= Edward Douglas-Pennant, 3rd Baron Penrhyn =

British noble

Douglas-Pennant in 1895

Edward Sholto Douglas-Pennant, 3rd Baron Penrhyn (10 June 1864 – 22 August 1927), was a British Conservative politician.

A member of the Douglas family headed by the Earl of Morton, Penrhyn was the son of George Douglas-Pennant, 2nd Baron Penrhyn, and his first wife Pamela Blanche, daughter of Sir Charles Rushout, 2nd Baronet. He entered Parliament for Northamptonshire South in the 1895 general election, a seat he held until 1900, when he was replaced by his brother-in-law Edward FitzRoy.

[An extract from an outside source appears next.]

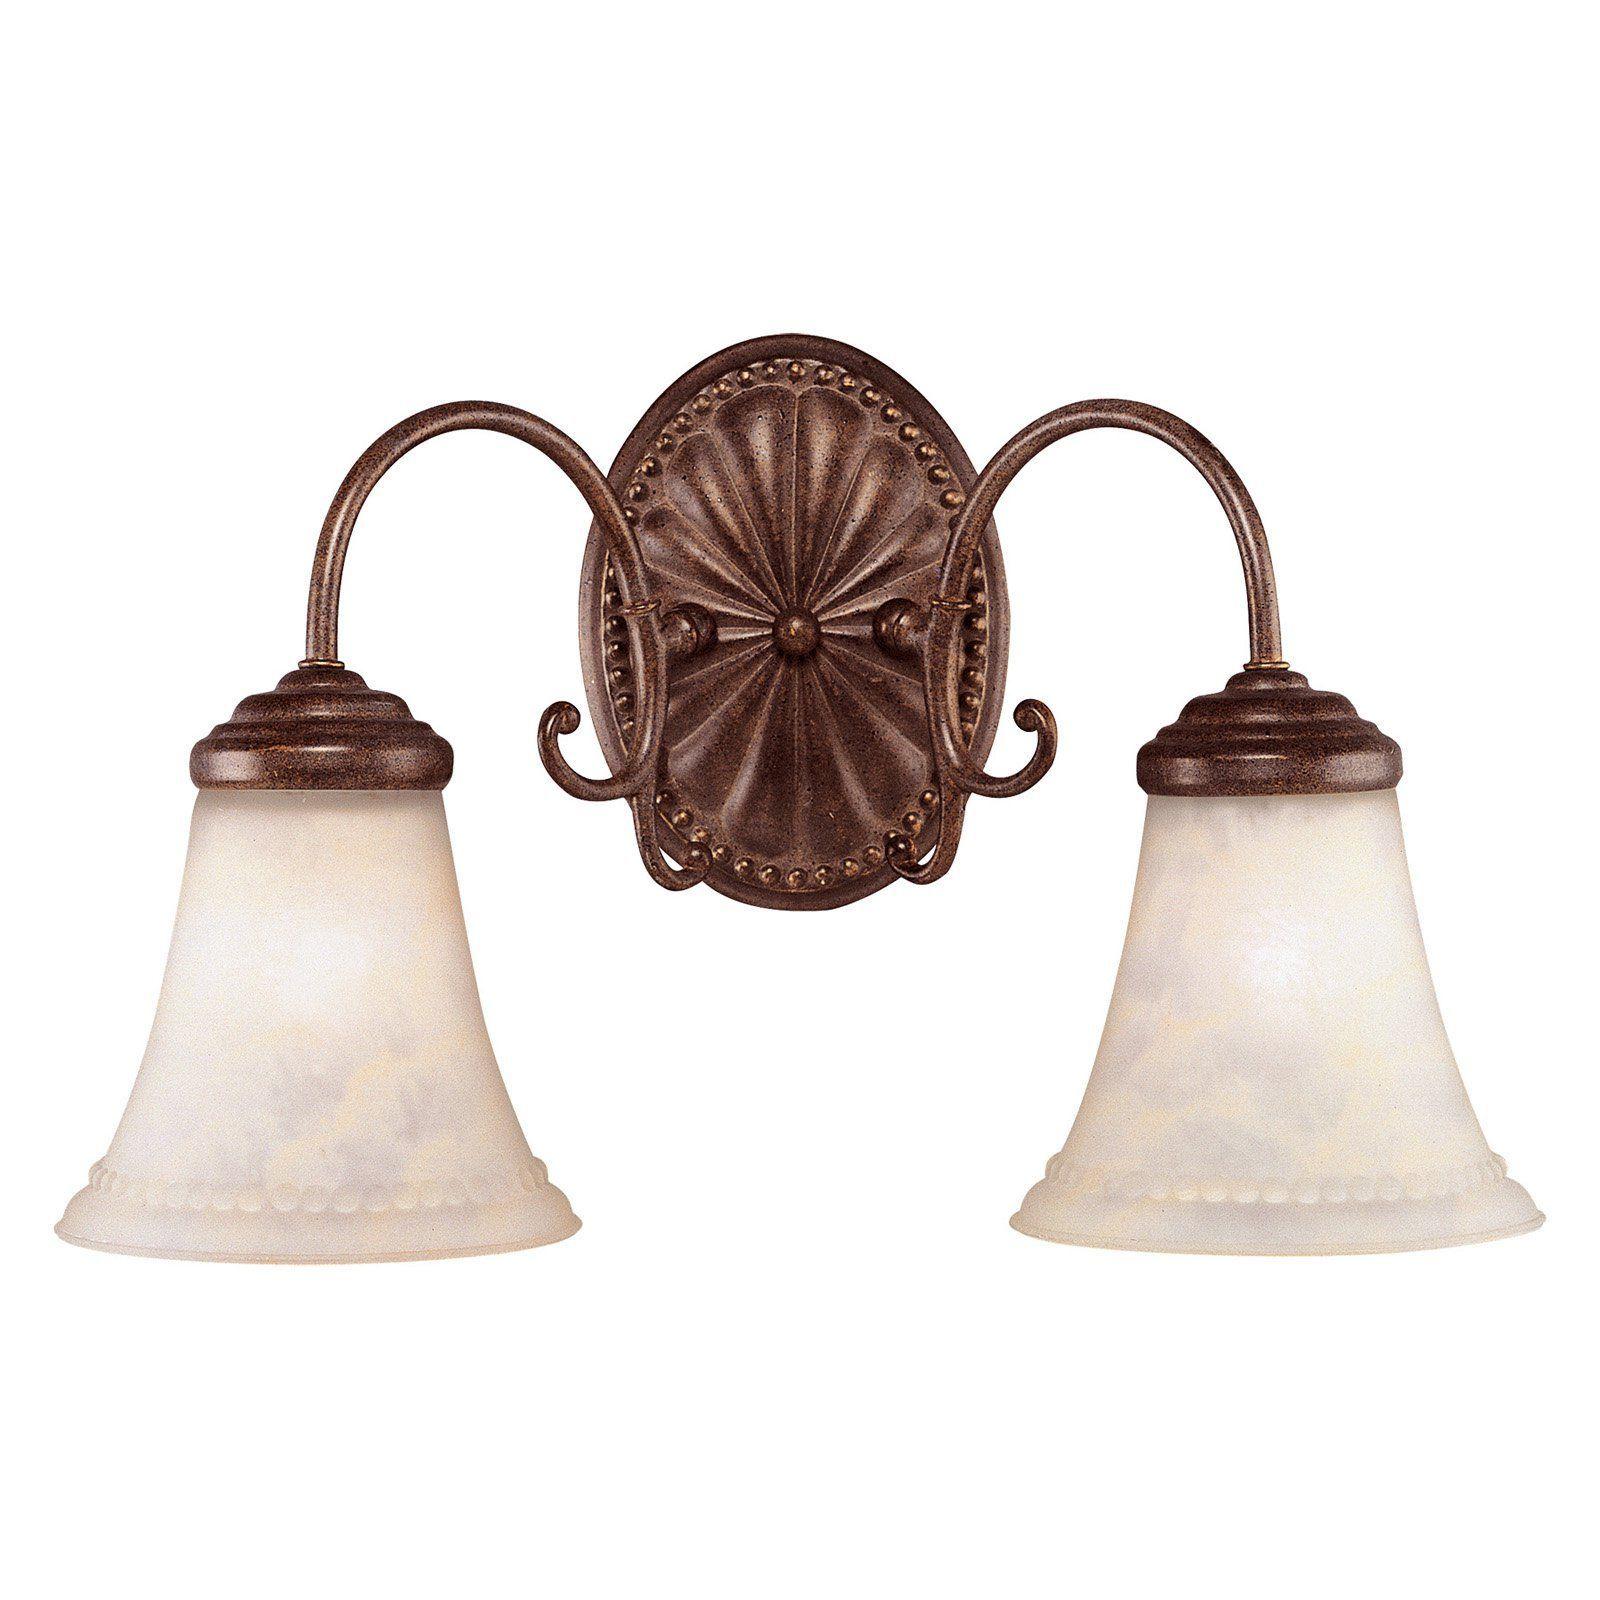 Savoy House Liberty KP-8-510-2-40 Bathroom Vanity Light - KP-8-510-2-40

Douglas-Pennant served in the 1st Life Guards as a lieutenant, and later as a major in its Reserve Regiment. Afterwards he served in the Buckinghamshire (Royal Bucks Hussars) Imperial Yeomanry as major and later as lieutenant-colonel. On 1 July 1907 he was appointed Honorary Colonel of the 4th (Royal Carnarvon and Merioneth Militia) Battalion, Royal Welsh Fusiliers, a position that his father and grandfather had also held.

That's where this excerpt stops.